We provide a sufficient condition on coefficients of the Bézier polynomials to theoretically guarantee the trajectory’s safety in trapezoidal-prism corridors. Compared with existing cuboidal corridors [5], the condition is relaxed and the solution space is significantly enlarged, which leads to a higher chance of finding an optimal solution.
The remainder of this paper is structured as follows. We review related works in Sec. II. We introduce necessary notations and background materials in Sec. III. The 3D convex safe region construction is presented in Sec. IV. In Sec. V, we present our optimization formulation. The simulation results and analysis can be found in Sec. VI. We make concluding remarks in Sec.
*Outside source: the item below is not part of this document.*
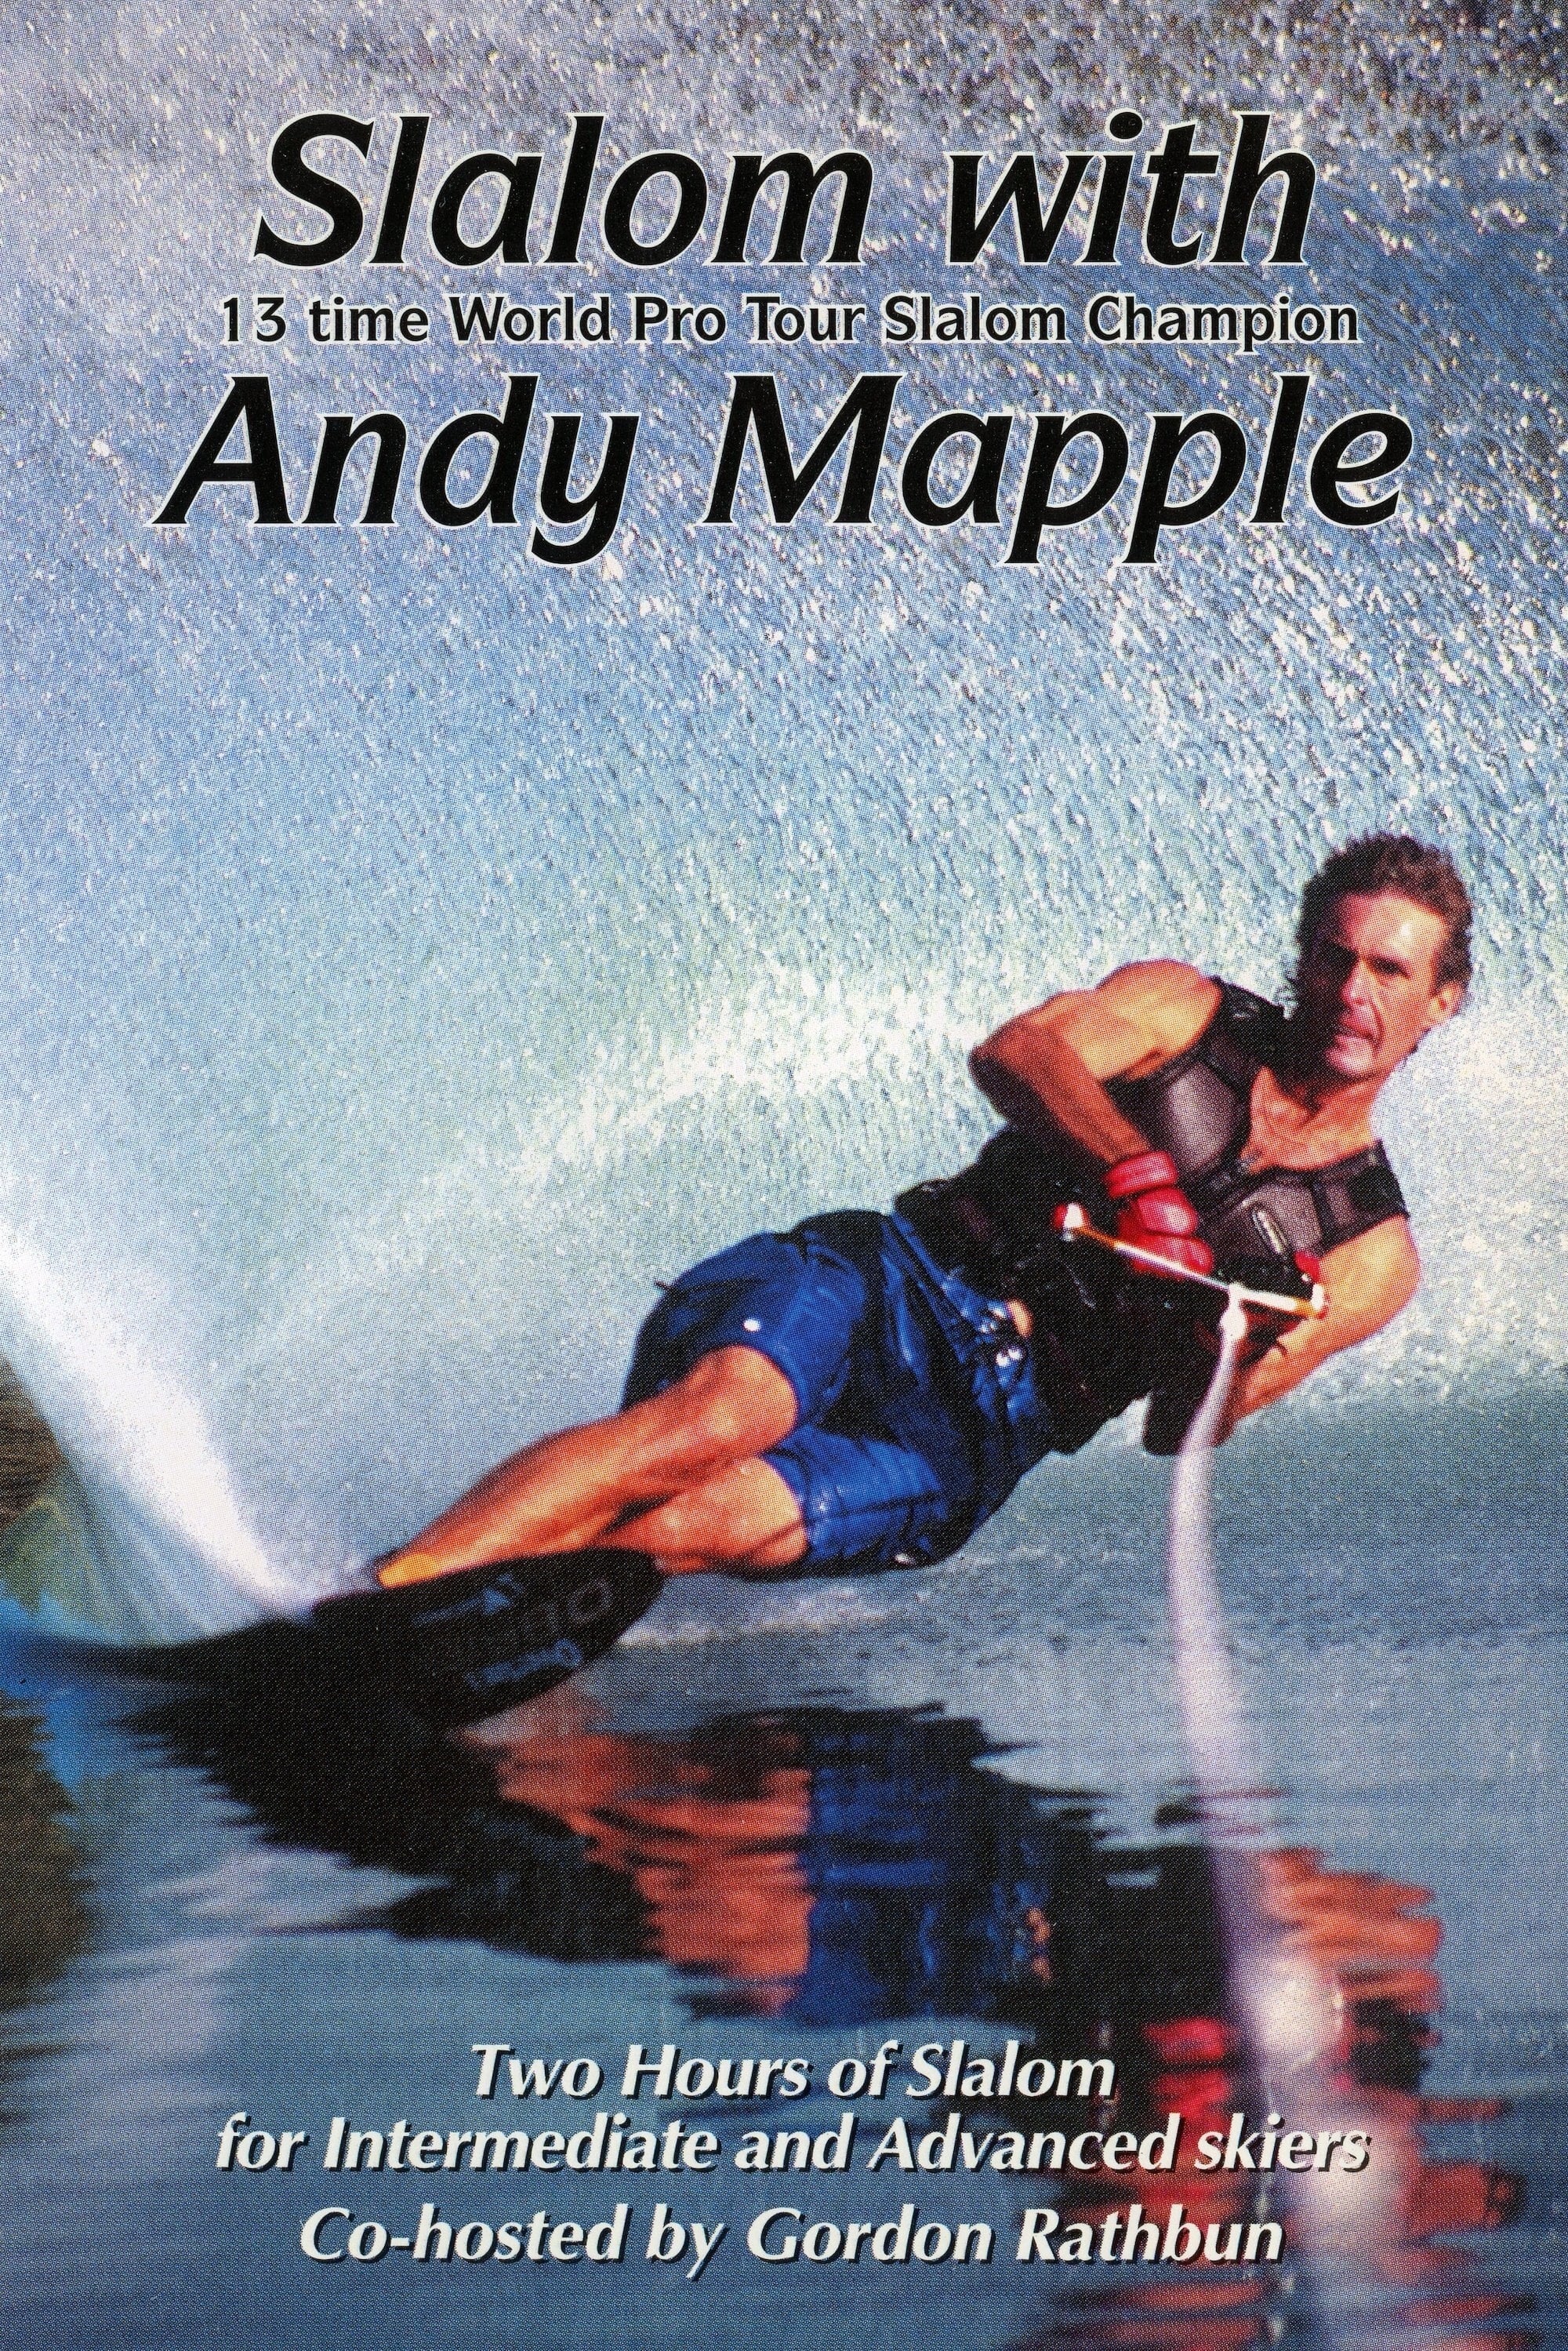 Slalom with Andy Mapple
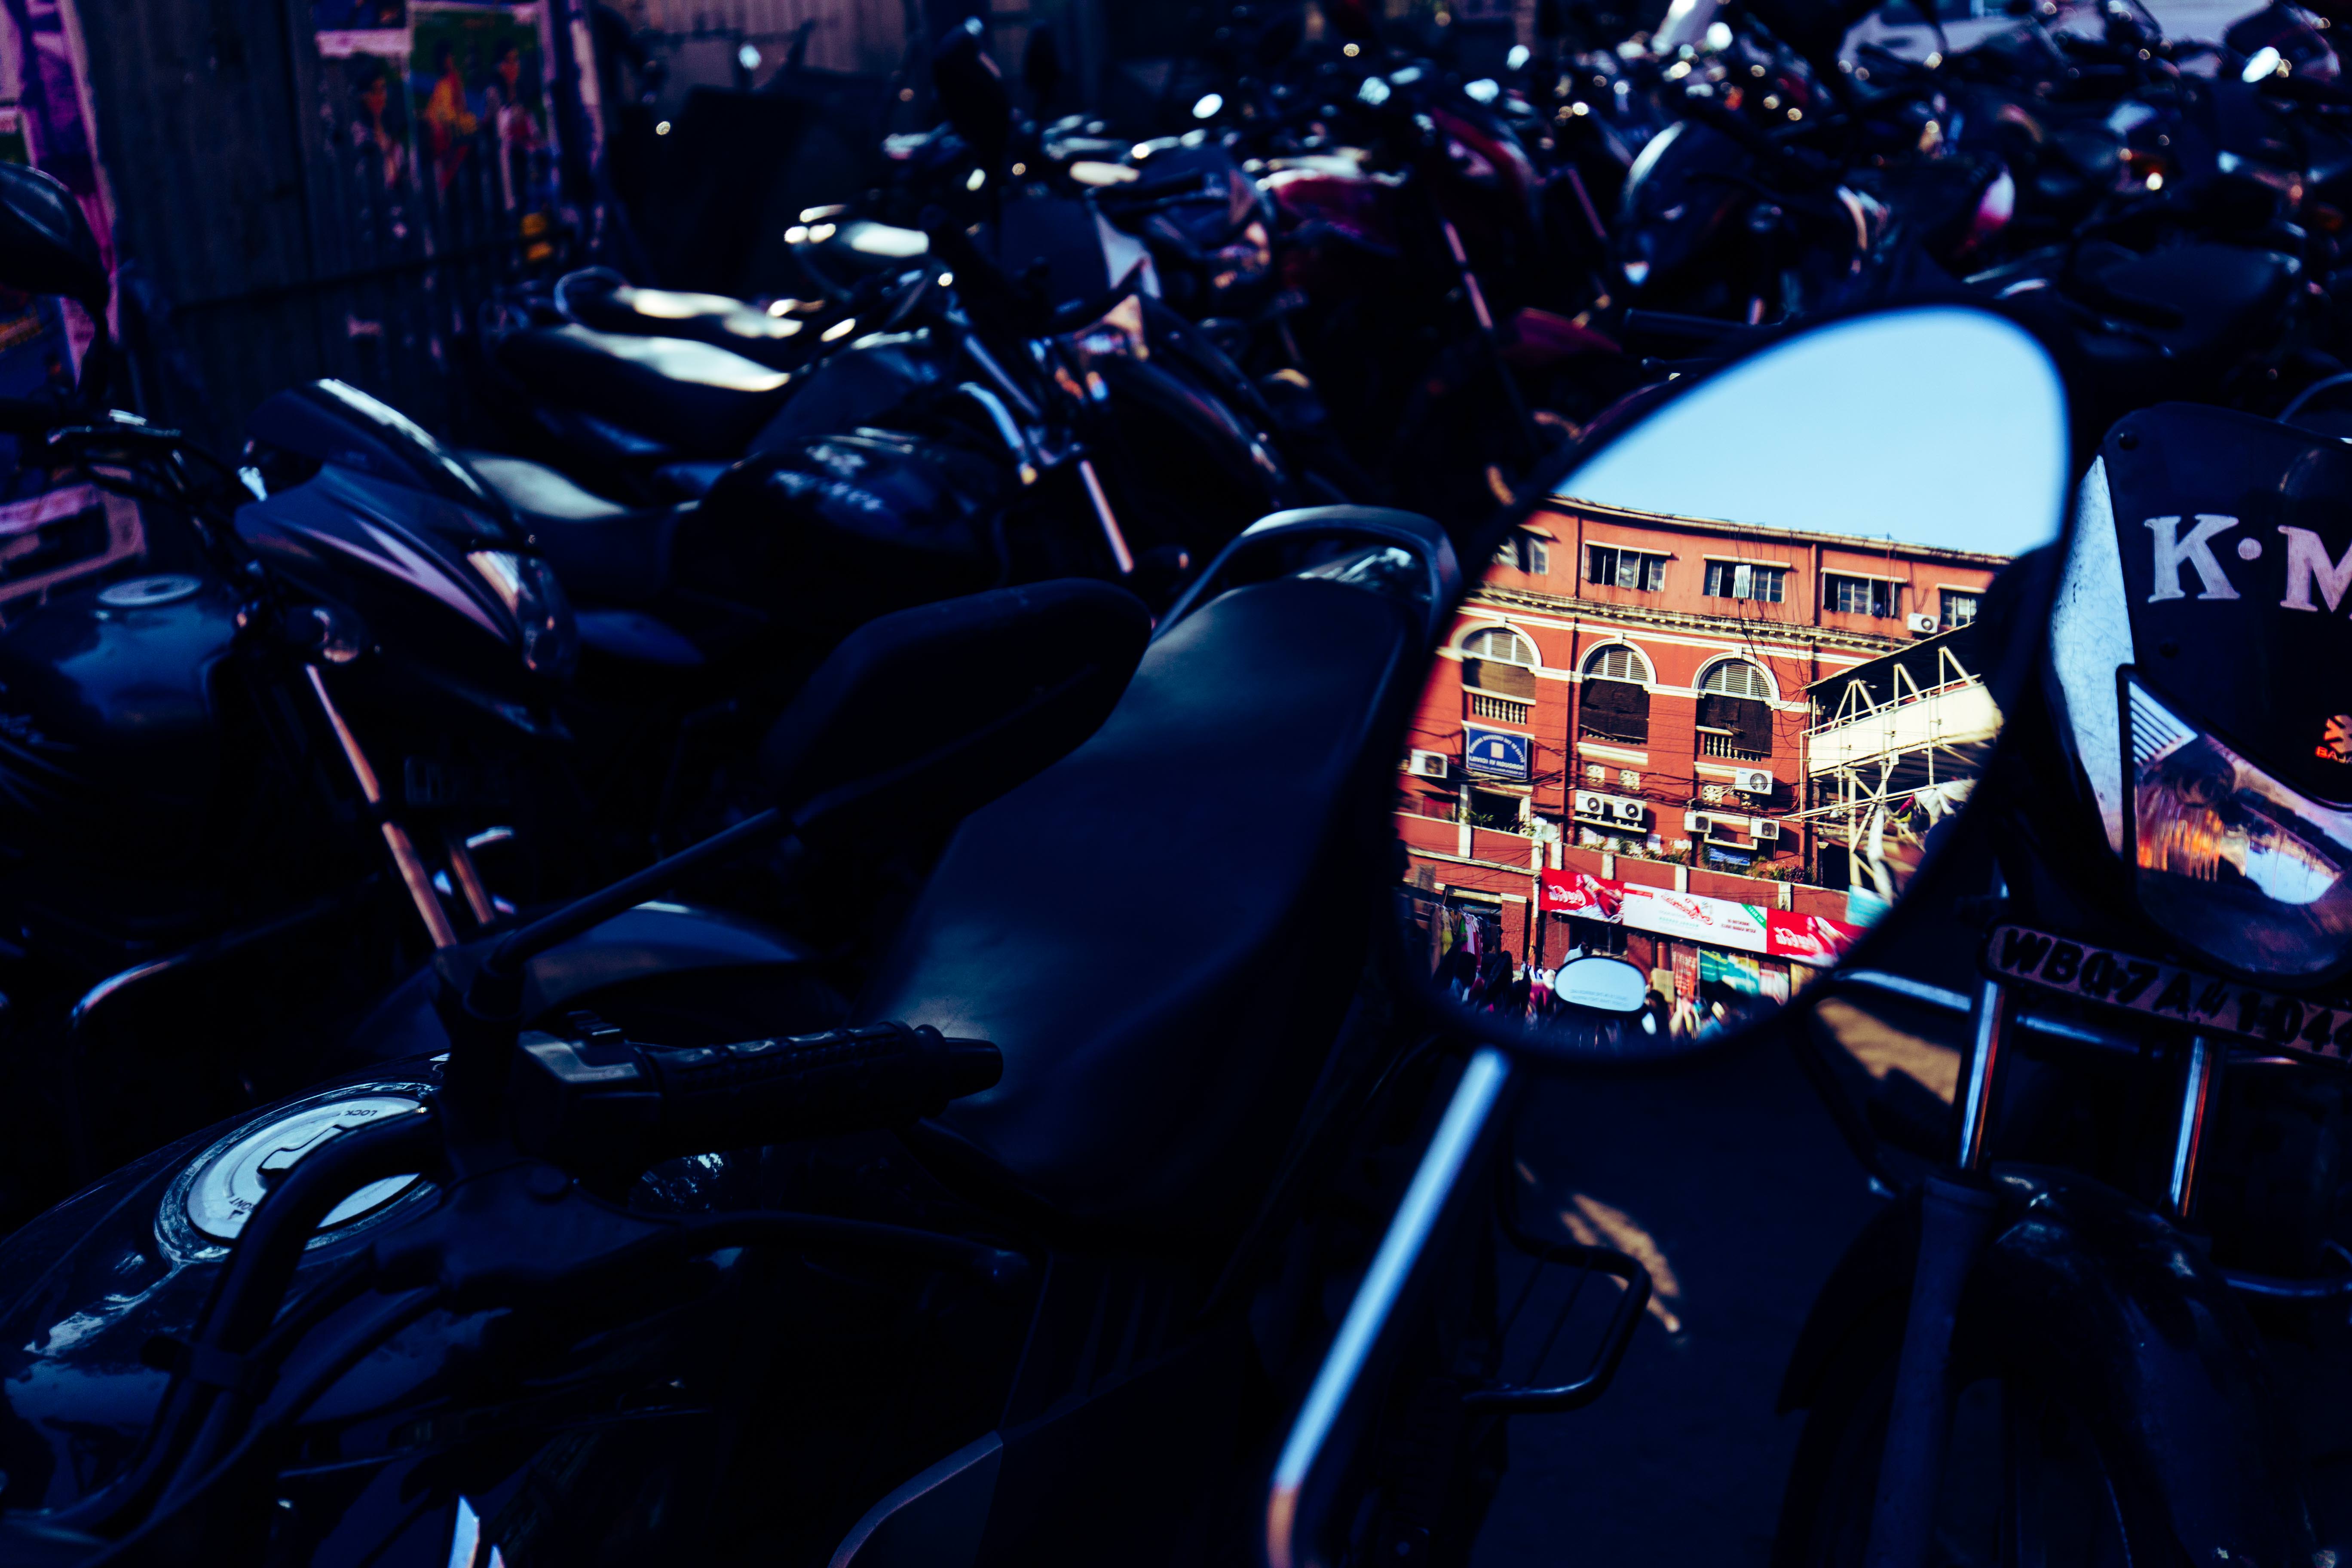 A brief reflection into the history of Kolkata near a Hog Market motorcycle stand, where one can observe the remnants of the long-gone British rule or Raj, in the very distinct form of red brick buildings which serve as government offices even today.

VII.
II RELATED WORKS
II-A Speed Planning
Speed planning techniques can be classified into three categories: 1) search and optimization; 2) sampling lattices and selecting the minimum-cost trajectory; 3) approximated optimization. The Search and optimization method searches for the best candidate speed profile and optimizes the curve for smoothness; see the post-optimization method[3], the Baidu EM motion planner [8], and the Piecewise-Jerk Speed Optimization [9]. The Sampling approach samples different speed lattices combined with path lattices. The generated local spatial-temporal trajectories are evaluated and the one with minimum cost is selected. Related works can be found in [2, 3, 4]. Most works in the first and the second categories conduct search and optimization directly in the graph. Approximated optimization considers a vehicle dynamic model in a sequential optimization problem; see convex feasible set algorithm [10] and optimal control methods, such as model predictive control (MPC)[11] and constrained iterative linear quadratic regulator (CiLQR)[12]. The advantage of these approaches is that they mitigate the planning and control inconsistency problem since the dynamic model has already been considered in the planning layer. However, the disadvantage is the high computation cost.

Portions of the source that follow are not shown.